= Material provided =
++++

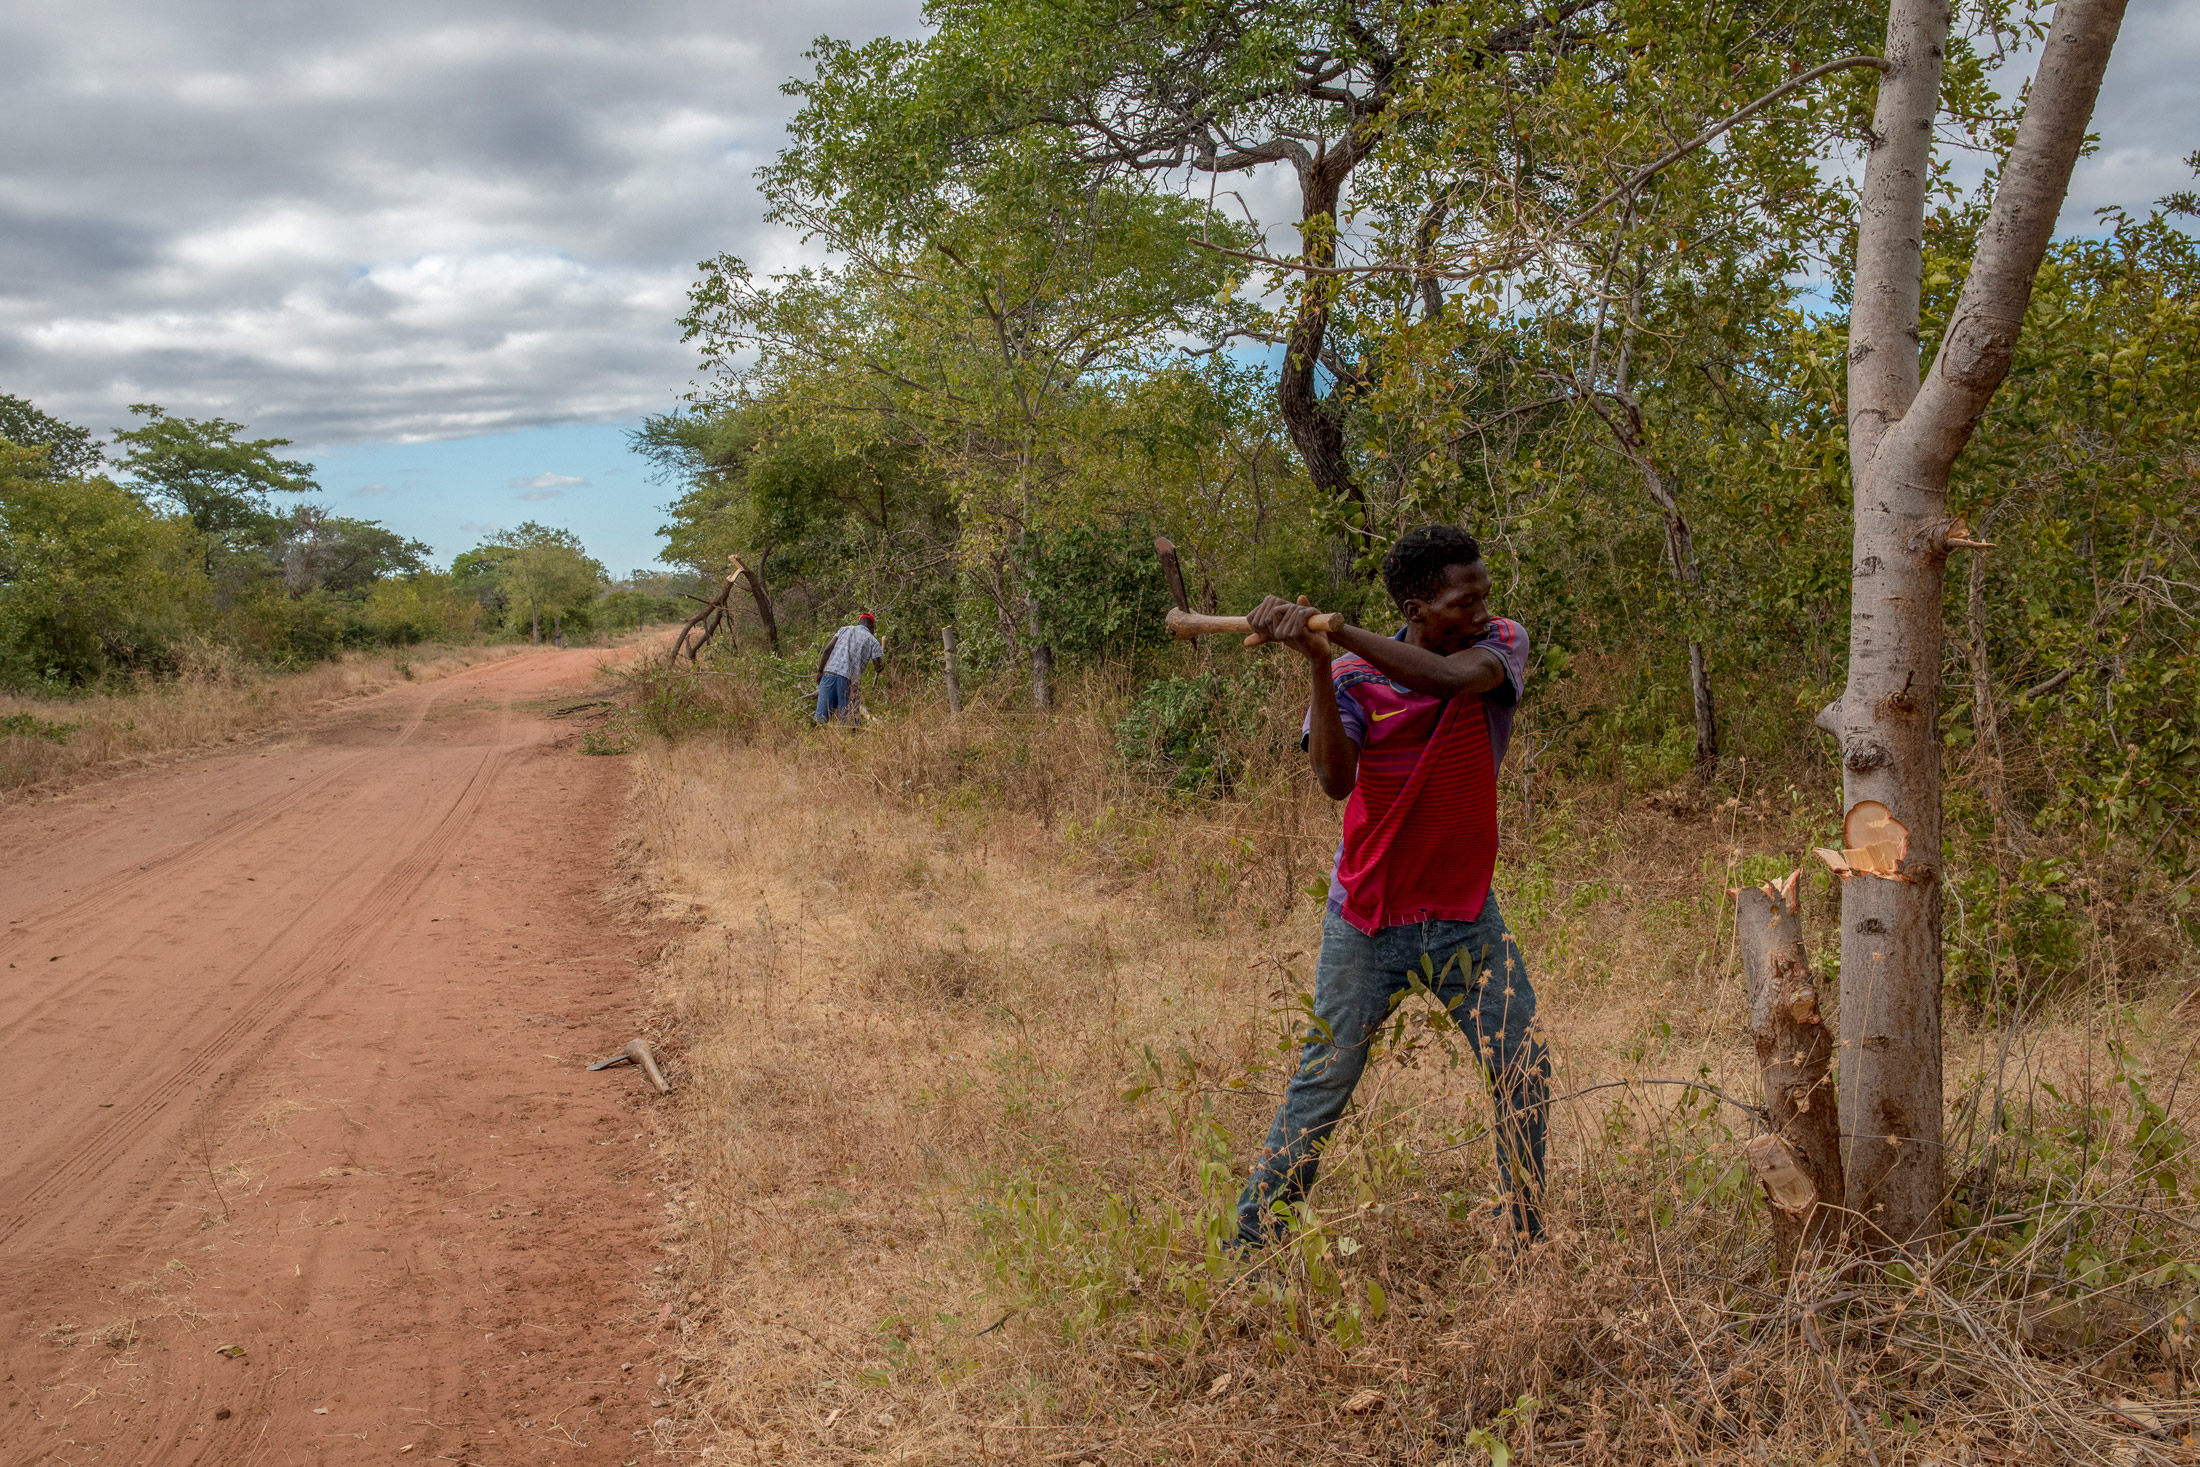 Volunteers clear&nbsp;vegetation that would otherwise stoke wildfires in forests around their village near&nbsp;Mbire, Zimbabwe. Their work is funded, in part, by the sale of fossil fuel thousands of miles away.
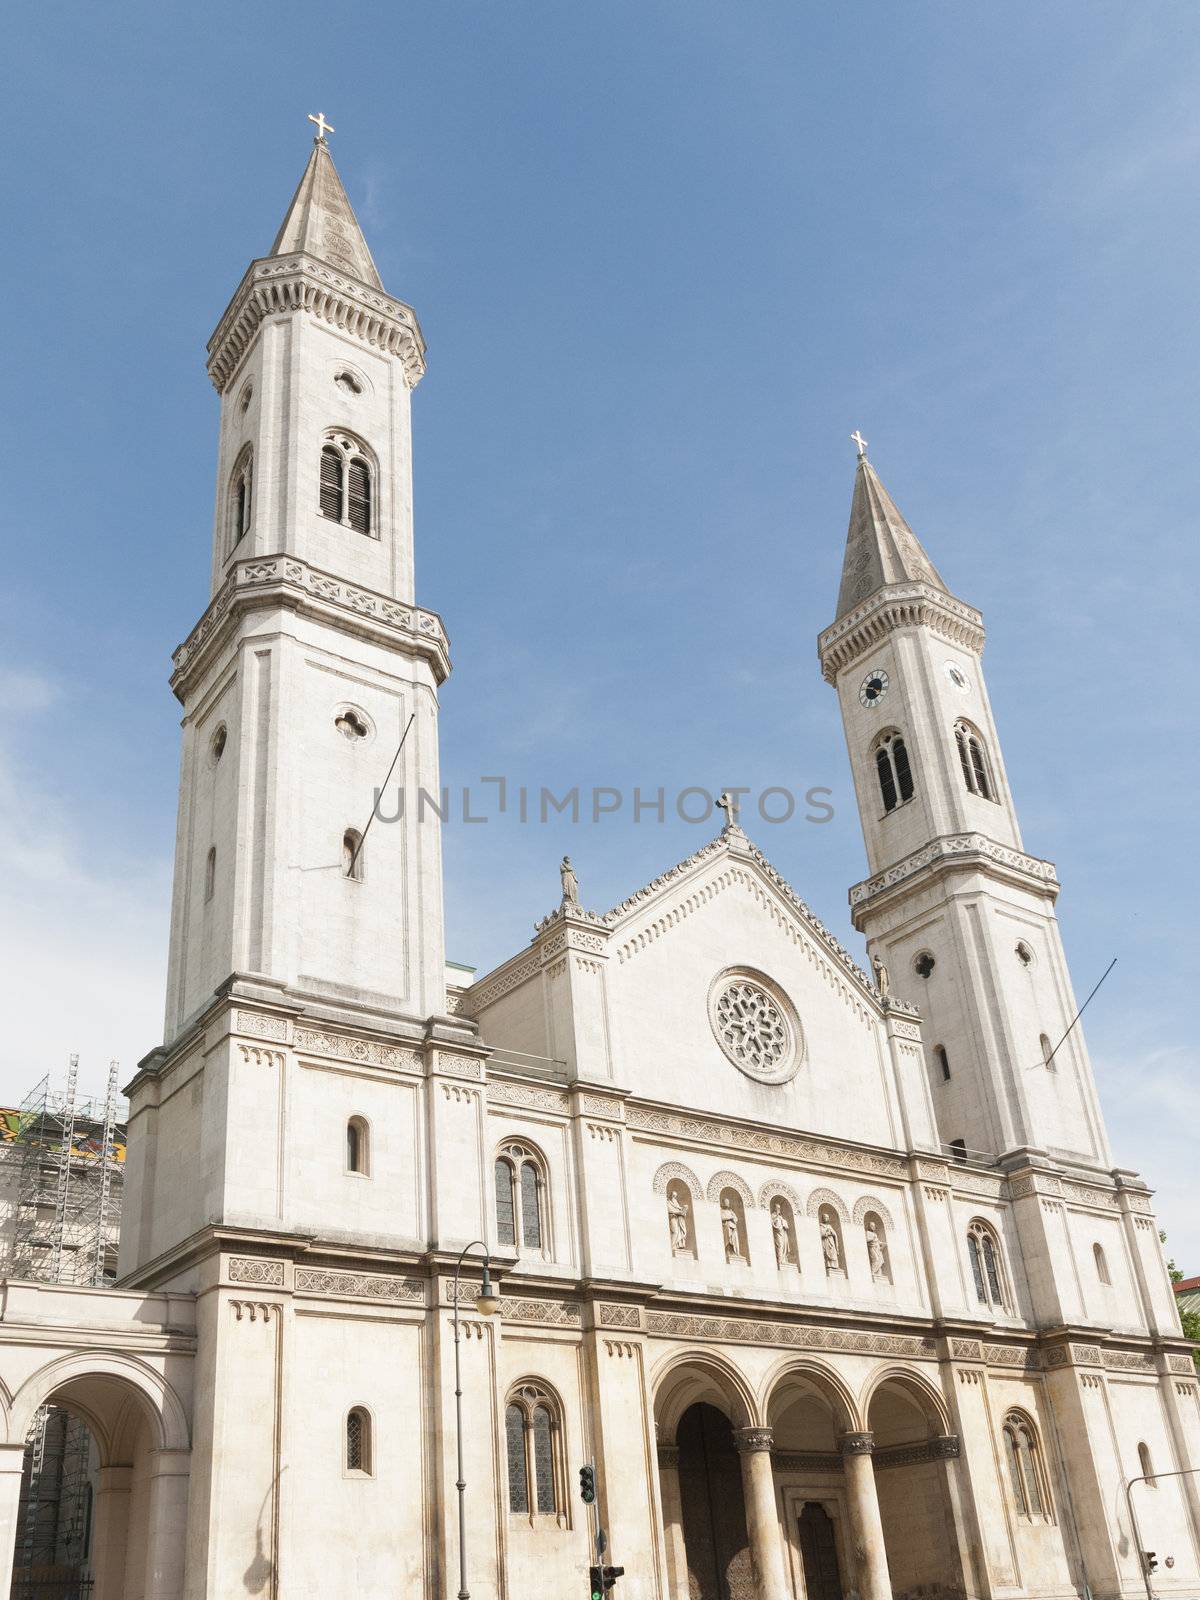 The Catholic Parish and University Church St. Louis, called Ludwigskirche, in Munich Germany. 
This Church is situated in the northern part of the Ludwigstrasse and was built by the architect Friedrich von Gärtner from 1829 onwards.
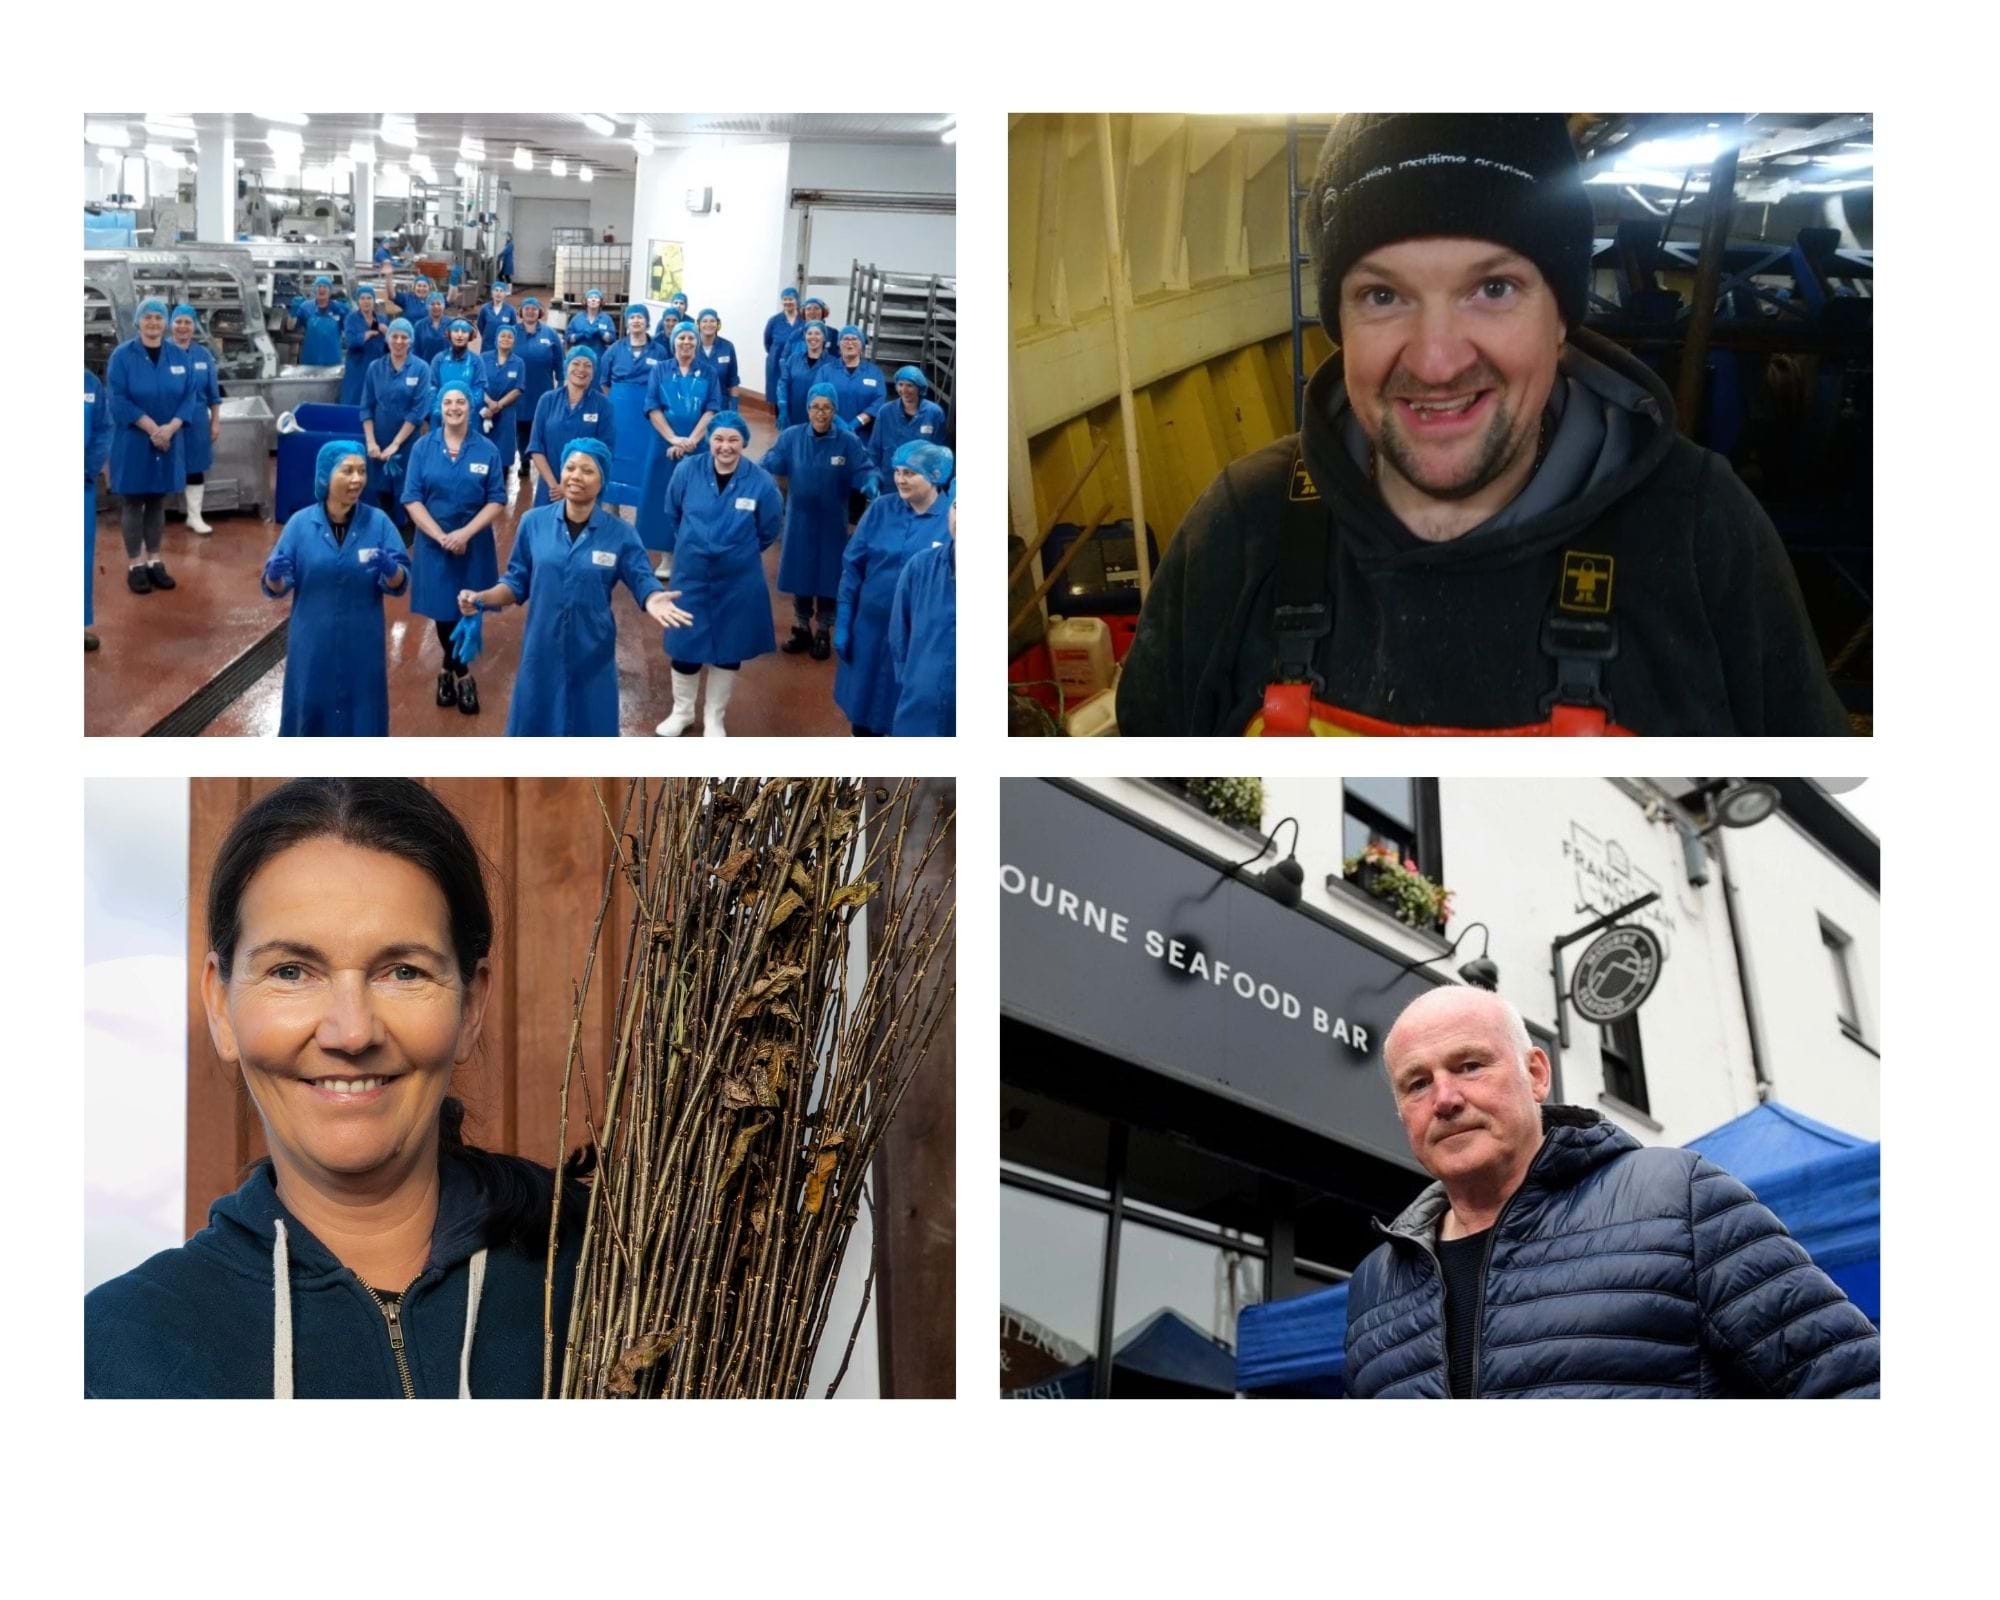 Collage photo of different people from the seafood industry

++++

Reproduce all of the data exactly; the pictures do not belong in the copy.

 Volunteers clear&nbsp;vegetation that would otherwise stoke wildfires in forests around their village near&nbsp;Mbire, Zimbabwe. Their work is funded, in part, by the sale of fossil fuel thousands of miles away.
 The Catholic Parish and University Church St. Louis, called Ludwigskirche, in Munich Germany. 
This Church is situated in the northern part of the Ludwigstrasse and was built by the architect Friedrich von Gärtner from 1829 onwards.
 Collage photo of different people from the seafood industry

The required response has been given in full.